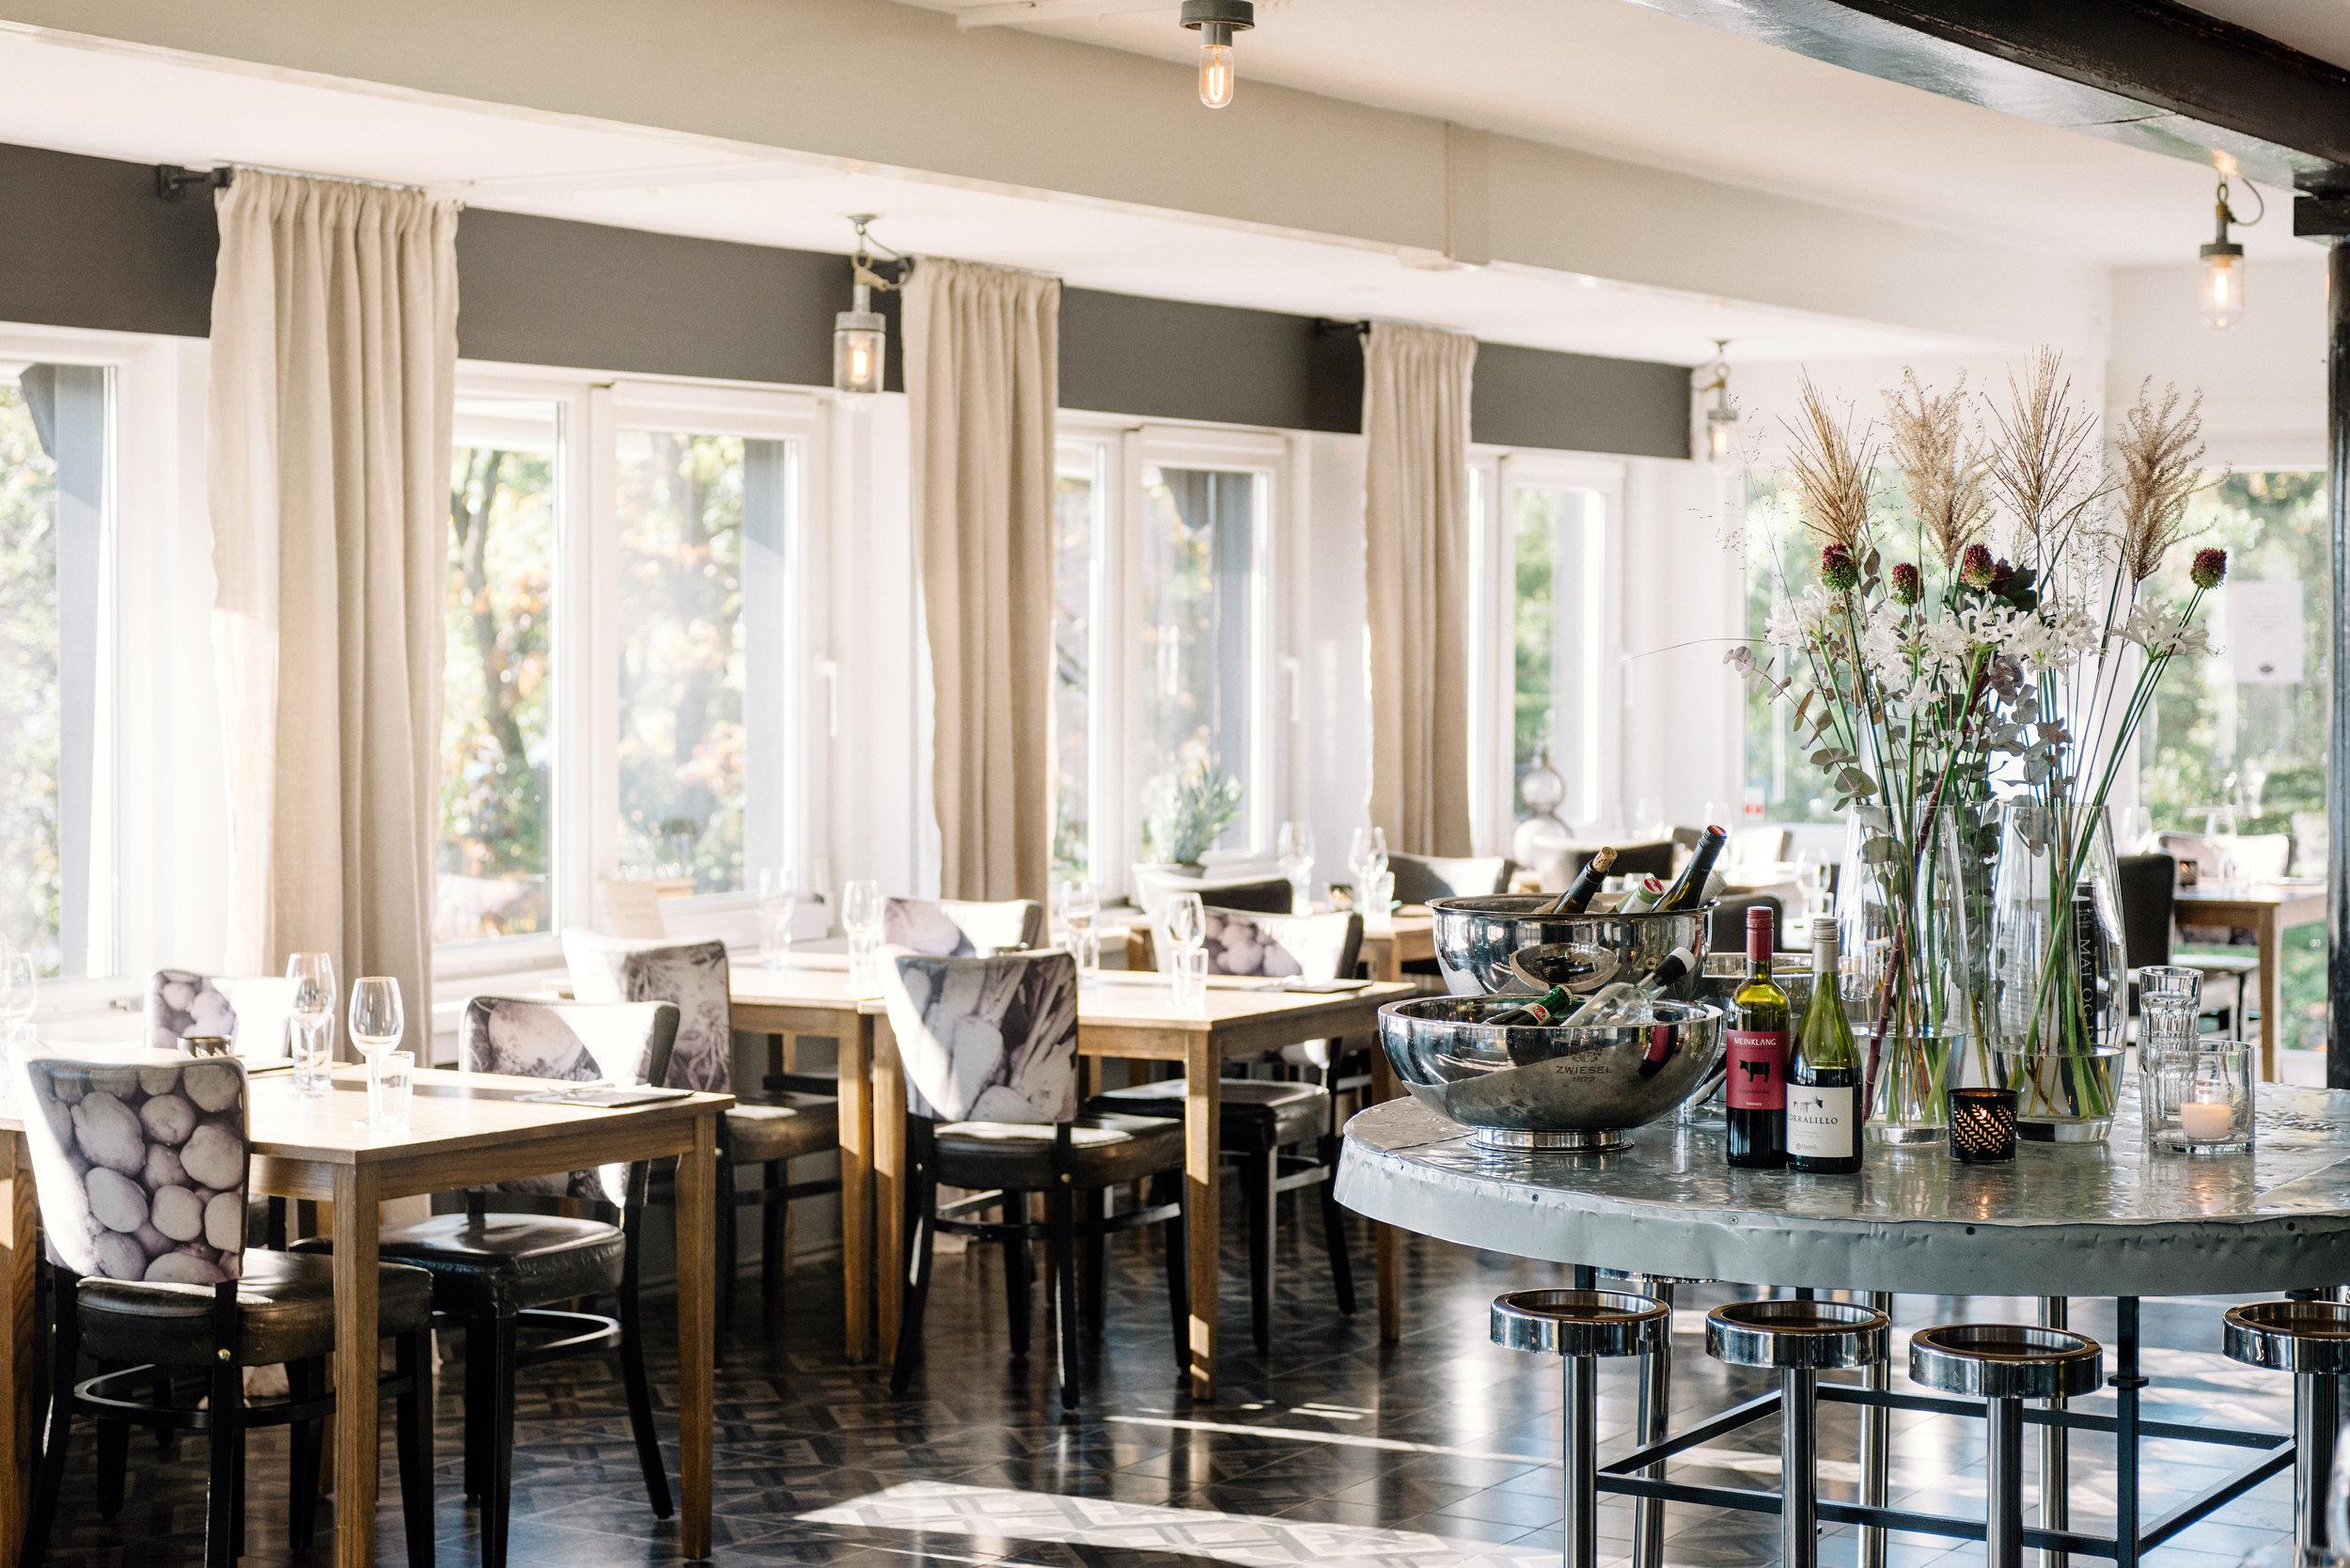 selskap-strand-stabekk-oslo-lavaoslo-Restaurant-kafe
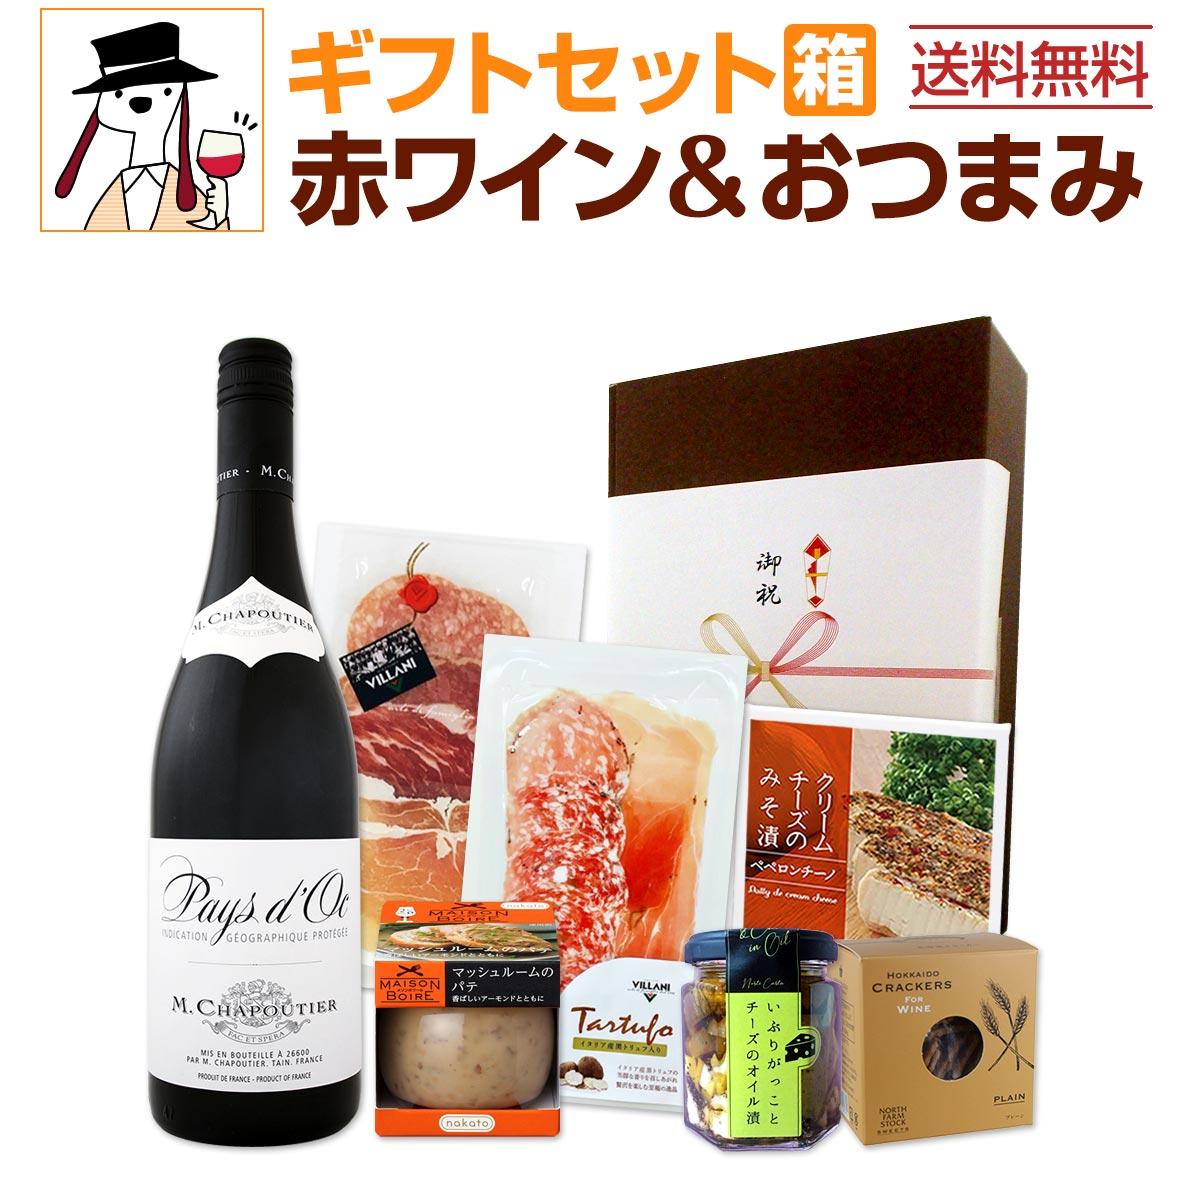 【送料無料】【クール便】赤ワインギフトセット(おつまみ6つ付き)
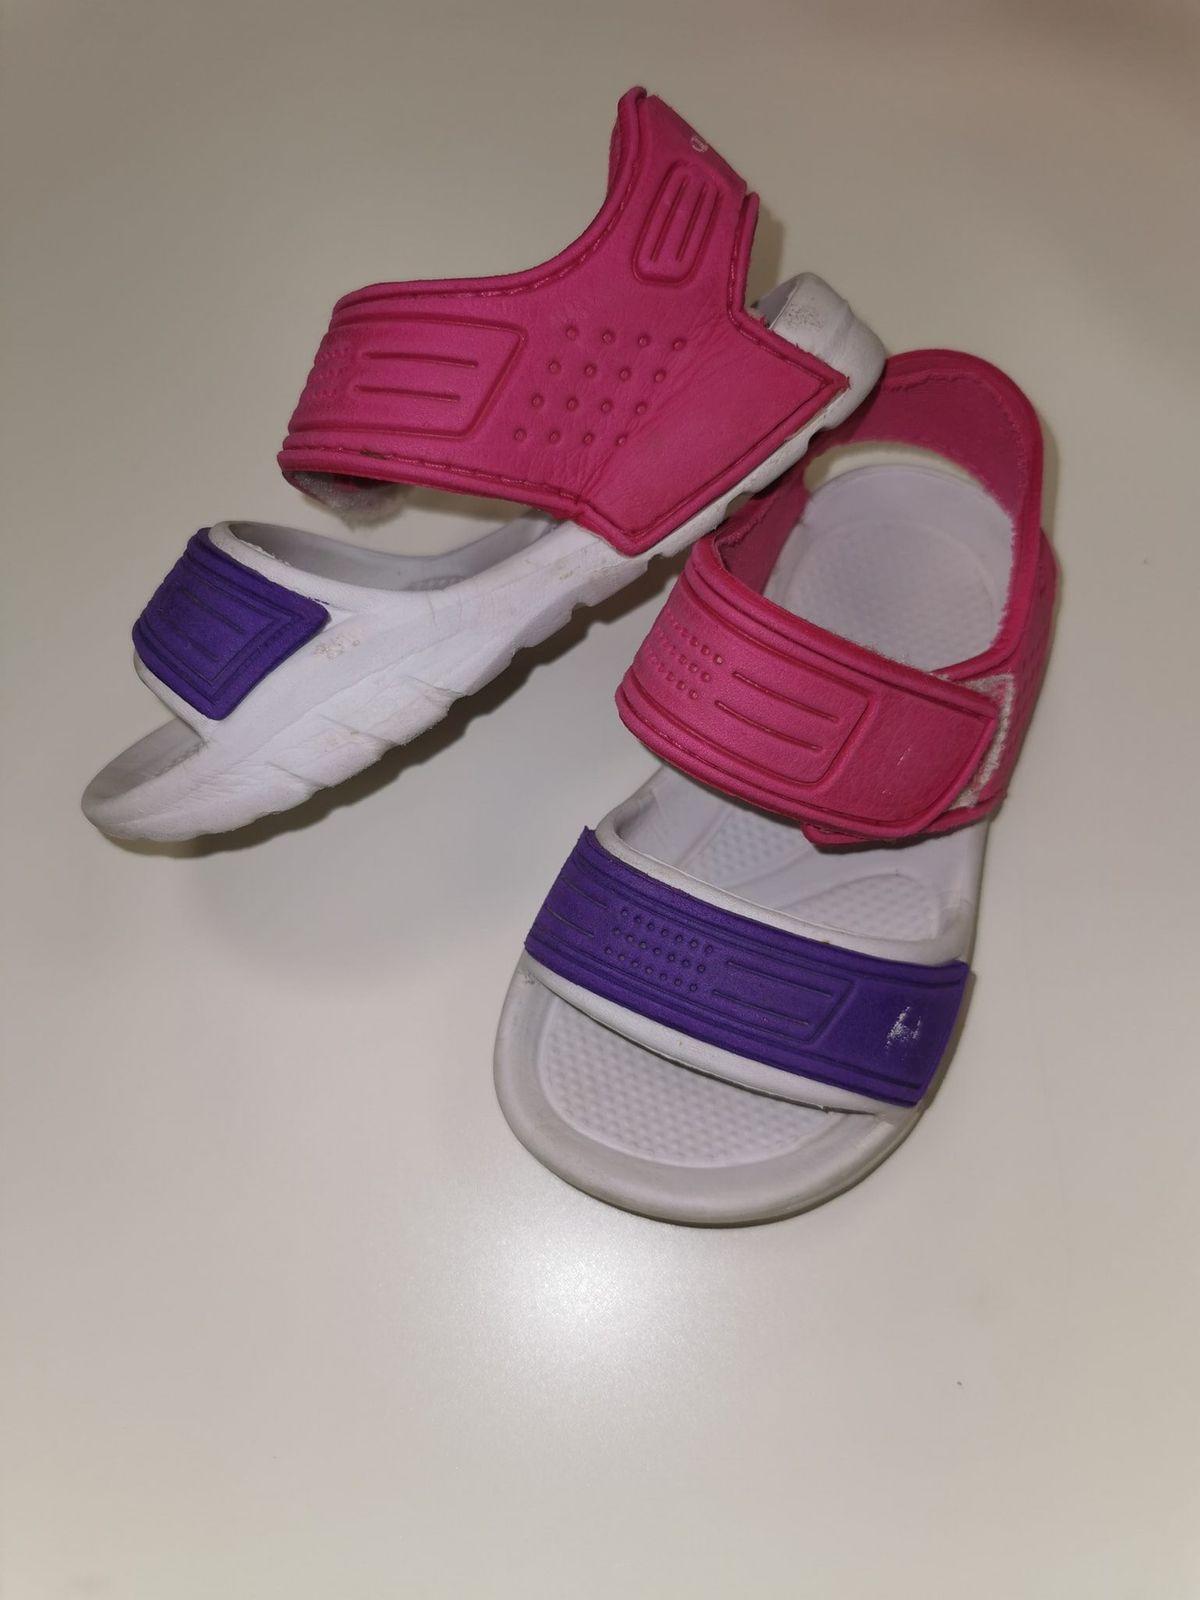 12870. Sandalo con strappi Euro 7,00
------
# [ABOUT THIS TASK]
Would you retype the listing above exactly, omitting its pictures?

# [WRITTEN SOLUTION]
 selskap-strand-stabekk-oslo-lavaoslo-Restaurant-kafe
 【送料無料】【クール便】赤ワインギフトセット(おつまみ6つ付き)
 12870. Sandalo con strappi Euro 7,00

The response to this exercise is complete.